Consider for a moment a pigeon that has been trained to pick at a display of the moon on a navigator. Every time it hits the moon, it receives a grain. The navigator has been fitted with sensors which adjust the rocket’s course depending on the pigeon’s pick, thus allowing the pigeon to ‘steer’ the rocket towards the moon. Although viewed from the outside there is no discernable difference between a rocket flown by an astronaut or such a pigeon, we would not be happy to say the two pilots are using the same knowledge to do so. 

Similarly, Hans was a horse in late 19th century Germany who could perform complex arithmetic by tapping out responses to problems. He was paraded in front of learned societies and was a sensation until examiners wanted to know if he could still answer questions when asked by someone else than his handler. When this was tested, Hans’ abilities evaporated and his keeper was left distraught. Hans did have an amazing ability to read his handler and perform just the right behaviour for a given situation, but this did not constitute arithmetic. Instead he was responding to subtle surface cues from his human and tailoring his own response to that. Both examples are regularly used in introductory courses to Cognitive Science to illustrate the point that we cannot assume that identical behaviour in two organisms has also originated from the same computations – or in a more snappy way: we can’t equate behaviour with cognition.

So what are some of the indicators we’ve seen that reasoning in LLM may not be quite as human-like?

Difficulties in abstracting meaning beyond the lexical items of the text

LLM can get singularly ‘stuck’ on text. On several of our tasks, we observed that the models (mostly ChatGPT 3.5 but also 4) would respond positively as long as the same lexical items that were used in the query were also present in the text to be reviewed. It was almost as if we were using a highly powerful regex that was triggered irrespective of context and meaning. So what does research tell us about this ‘lexical fixation’?

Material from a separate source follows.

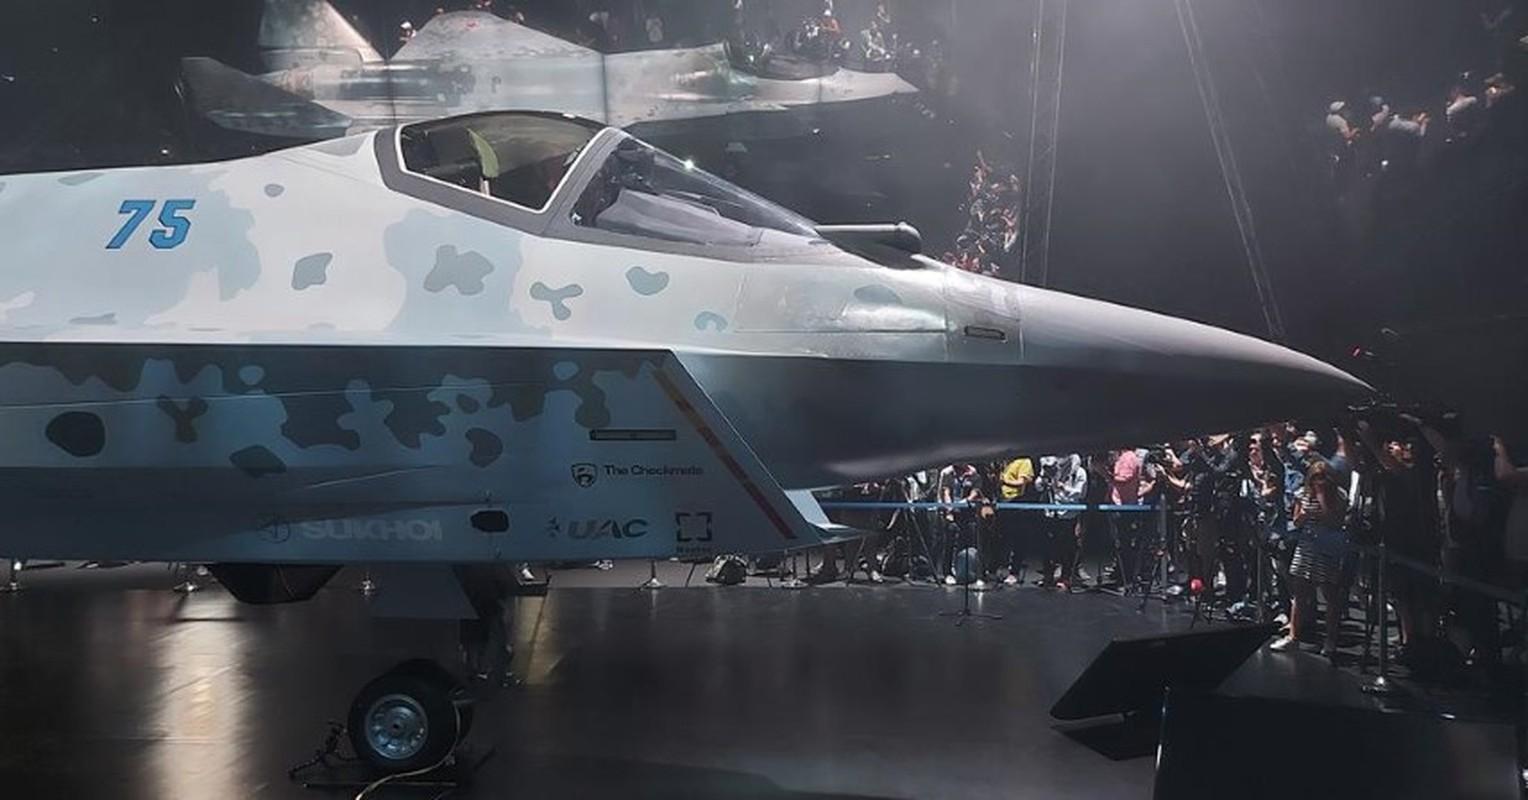 Tiem kich Su-75: Moi ra mat 1 tuan da nhieu nguoi hoi mua-Hinh-6

A task that is often used to test models’ ability to interpret language is ‘Natural Language Inference’ (NLI), where we ask what a reader is able to infer from a piece of text. For example, if I tell you that ‘She ate most of the cake’, you also know that some of the cake is left. There are several benchmarks (e.g. SNLI and Multi-NLI) that test this; typically by asking ‘given the premise (first sentence), tell me if the hypothesis (second sentence) is: true (entailment), false (contradiction) or we don’t know (neutral)’. Below are some examples from Multi-NLI:

Progress on these benchmarks has been impressive for LLM, reaching human-like performance on some. However, McCoy et al. (2019) point out that the vast majority of examples in the Multi-NLI corpus could be solved by using surface strategies, i.e. paying attention to text without extracting its meaning. They give the three examples below, where if you only simply compared the sequence of content words in the first sentence and checked whether they appeared in a similar order in the second sentence, you would wrongly conclude the first entailed the second. Which is exactly what the models the authors tested did. 

Getting the model to abstract beyond the text in our prompts was not easy, and with ever more elaborate prompts, I started to question whether these were simply again harnessing clever Hans strategies. As a result, an important principle that guides our work can be summarised as: “Do not build with the assumption your model abstracts the same information from text as you do”. The model may outwardly succeed, but not for the same reasons a human would. You therefore need to build in safety checks and design tasks in a way that makes responses amenable to evaluation. (See example prompt below)

Attentional gaps

We noticed ChatGPT (3.5 and 4) seems to have attention and memory problems. When we asked it to count certain characteristics of text, it did an excellent job. It did a bad job at keeping count though and adding the number of occurrences up, as if it overlooked or forgot them. This was in spite of us using a Chain of Thought (COT) methodology. In the end traditional text analytics had to be applied in addition, and the conjunction of both did the best job.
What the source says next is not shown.